NDC pertama Indonesia disampaikan pada tahun 2016. Pada tahun 2022, Pemerintah Indonesia meningkatkan ambisinya untuk menurunkan Gas Rumah Kaca (GRK) dari sebanyak 29% menjadi 31,89% dengan upaya sendiri, dan dari 41% menjadi 43,2% dengan dukungan masyarakat internasional. Pemerintah Indonesia seharusnya sudah menyampaikan target iklim NDC kedua pada awal Februari tahun ini. Namun, hingga saat ini, pemerintah belum menyampaikan target NDC kedua sambil menunggu persetujuan dari Presiden Prabowo Subianto.
Dibatasi oleh dana dan ketimpangan
Tak semua negara berada di posisi yang sama. Nafkote Dabi dari Oxfam International menyoroti betapa negara-negara termiskin seperti Chad, Kongo, dan Bangladesh enggan berkomitmen pada tujuan ambisius karena keterbatasan dana.
"Mereka takut berkomitmen pada hal-hal besar, tanpa ada dana untuk mewujudkannya," katanya. Negara-negara kaya, menurutnya, memiliki tanggung jawab moral dan historis, serta kapasitas finansial dan teknologi untuk membantu.
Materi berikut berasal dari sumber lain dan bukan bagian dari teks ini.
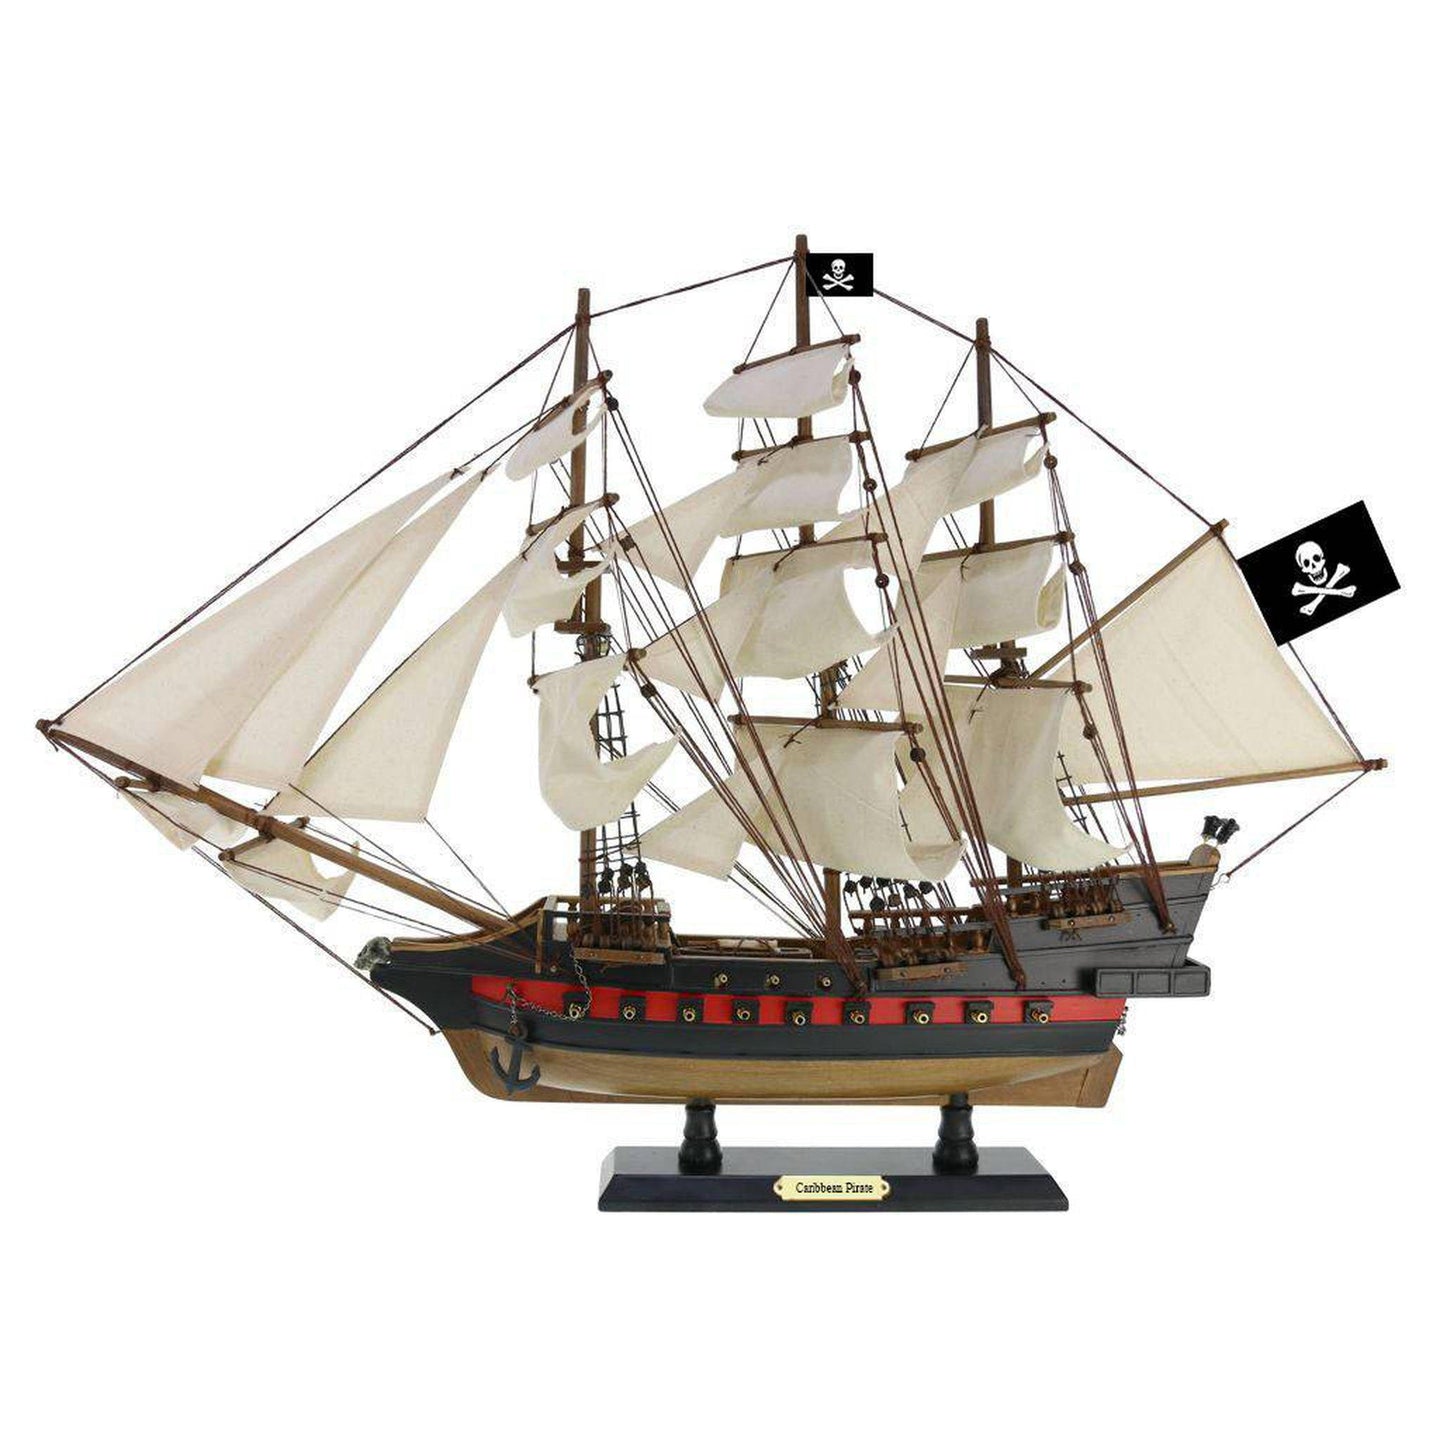 Handcrafted Model Ships Wooden Caribbean Pirate White Sails Limited Model Pirate Ship 26

Pada konferensi iklim tahun lalu di Azerbaijan, negara-negara industri menjanjikan dana sebesar USD300 miliar untuk membantu negara berkembang, dengan janji total mobilisasi hingga USD1,3 triliun. Namun, dari mana dana itu akan mengalir masih menjadi tanda tanya.
Emisi terbesar, tanggung jawab terbesar
Meski semua negara—termasuk emitor kecil seperti Kenya—perlu memiliki target iklim, para ahli sepakat bahwa dampak terbesar hanya akan datang dari negara-negara dengan jejak karbon paling tinggi.
Negara-negara G20 seperti Cina, Jerman, Australia, Rusia, dan Amerika Serikat bertanggung jawab atas sekitar 80% emisi global. "Mereka belum melakukan cukup untuk menurunkan gas rumah kaca,” ujar Dabi.
"Transformasi yang dibutuhkan sangat besar, dan itu tak boleh dibebankan pada komunitas termiskin,” tambahnya.
Harapan tak padam
Meski jalan masih panjang dan rintangan membentang, para ahli meyakini mekanisme yang dirintis sejak Kesepakatan Paris sudah membawa perubahan nyata.
"Saya tak ingin mengatakan semuanya berjalan lancar... tapi saya percaya bahwa sistem yang kita bangun satu dekade lalu telah mengubah dunia,” ujar Menzel.
Dan meski janji-janji itu tak mengikat secara hukum, menurut Srouji, setiap kali sebuah negara berdiri di panggung dunia dan mengumumkan rencananya, mundur dari komitmen itu akan memicu sorotan tajam dari seluruh penjuru dunia.